The next president of the United States will not have any easy options in Iraq. That was the assessment of Lee Hamilton, longtime congressman from Indiana and member of the Iraq Study Group, who spoke at a Tufts conference on the Middle East on March 27. "I can guarantee you when they step into the Oval Office, they are going to face an array of foreign policy problems as difficult and challenging as any American president has faced in my lifetime," he said. "I think the good options in Iraq are long since past."
Lee Hamilton, former U.S. congressman and member of the Iraq Study Group, which advises the president, spoke at the Fares Center conference. Photo: Tiffany Knight
Hamilton, whose career in Congress included many years on the House Committee on International Relations, recited a litany of failures and missteps by U.S. policymakers, while still trying to retain some hope for eventual resolution.
"It's quite clear to me that President Bush's objectives for the war will not be met," he said, explaining that the effort to achieve regional democratic transformation and elimination of Islamist terrorism has failed.
"The conflict is a stalemate," he said. "The levels of violence, even with the surge, have remained about the same since November." The flare-up of fighting in southern Iraq in late March put at risk the gains made earlier, he noted. "However you cut it, Iraq is still a very violent and very dangerous place."
Hamilton gave the keynote address at the conference, "The United States and the Middle East: What Comes Next After Iraq?" Organized by the Fares Center for Eastern Mediterranean Studies, the two-day event featured panel discussions on topics covering the Gulf, Islamic parties and groups, challenges facing U.S. policy and public diplomacy and the Arab-Israeli conflict, among others.
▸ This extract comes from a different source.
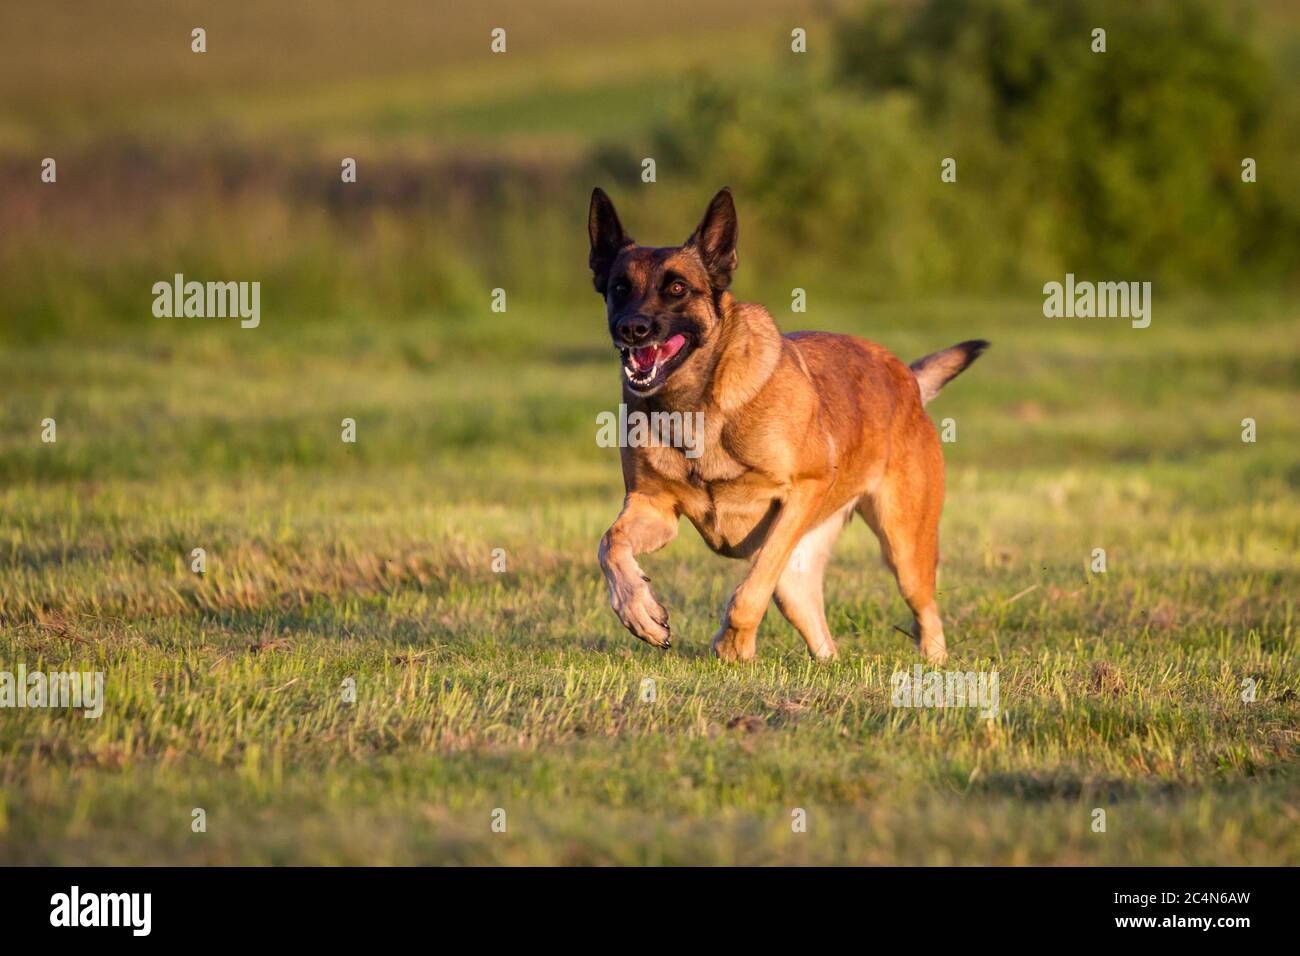 Belgian Shepherd Dog (Malinois) running Stock Photo

Hamilton laid a good amount of blame for the current state of affairs in Iraq squarely on the Iraqi government. "Iraqi politicians, it seems to me, have squandered the space given to them by American forces," he said. "The big problem, of course, is that the central government is dysfunctional, disorganized, incapable of providing essential services to its people, incapable of providing security."
What the U.S. needs to do, he argued, is to get the Iraqi government to make more progress in many areas, from security to politics to economics. "For reasons that I have never been able to understand, we simply are unwilling to put pressure on Iraqi officials to act decisively," Hamilton said. He notes that Iraqi Prime Minister Nouri al-Maliki clearly understands that he doesn't need to heed U.S. directives-he knows he faces no penalties for ignoring them.
As to the future, Hamilton was not optimistic : "I think the best you can hope for is a somewhat-stable government, well below the high standards of democracy that President Bush sought."
Hamilton suggested that with the right policies, "something like a tolerable stability in Iraq can be achieved, if we sustain support of all kinds-not just the military-for an extended period of time." The United States, he said, should demand Iraqi leaders get their political house in order, "and if they do not, we're leaving, slowly, steadily, surely."
Polls show that Americans want out of Iraq. Still, Hamilton noted, "I think most Americans have concluded that we must leave Iraq responsibly. Not as we arrived: haphazardly, unilaterally, shortsightedly. But it does matter how we leave Iraq. Can we find a responsible path out?" He said that Iraq will require a substantial commitment of U.S. resources for years to come, while also posing the question, "Should we pay the immense cost of this war in light of all kinds of competing priorities?"
Regardless of timetables, Iraq will dominate U.S. foreign policy for years to come, Hamilton said. "I don't know of any single issue that demands more candor, more honesty, more rigorous analysis, more resources, more effective implementation, more clarity of our objectives than our country's role in Iraq."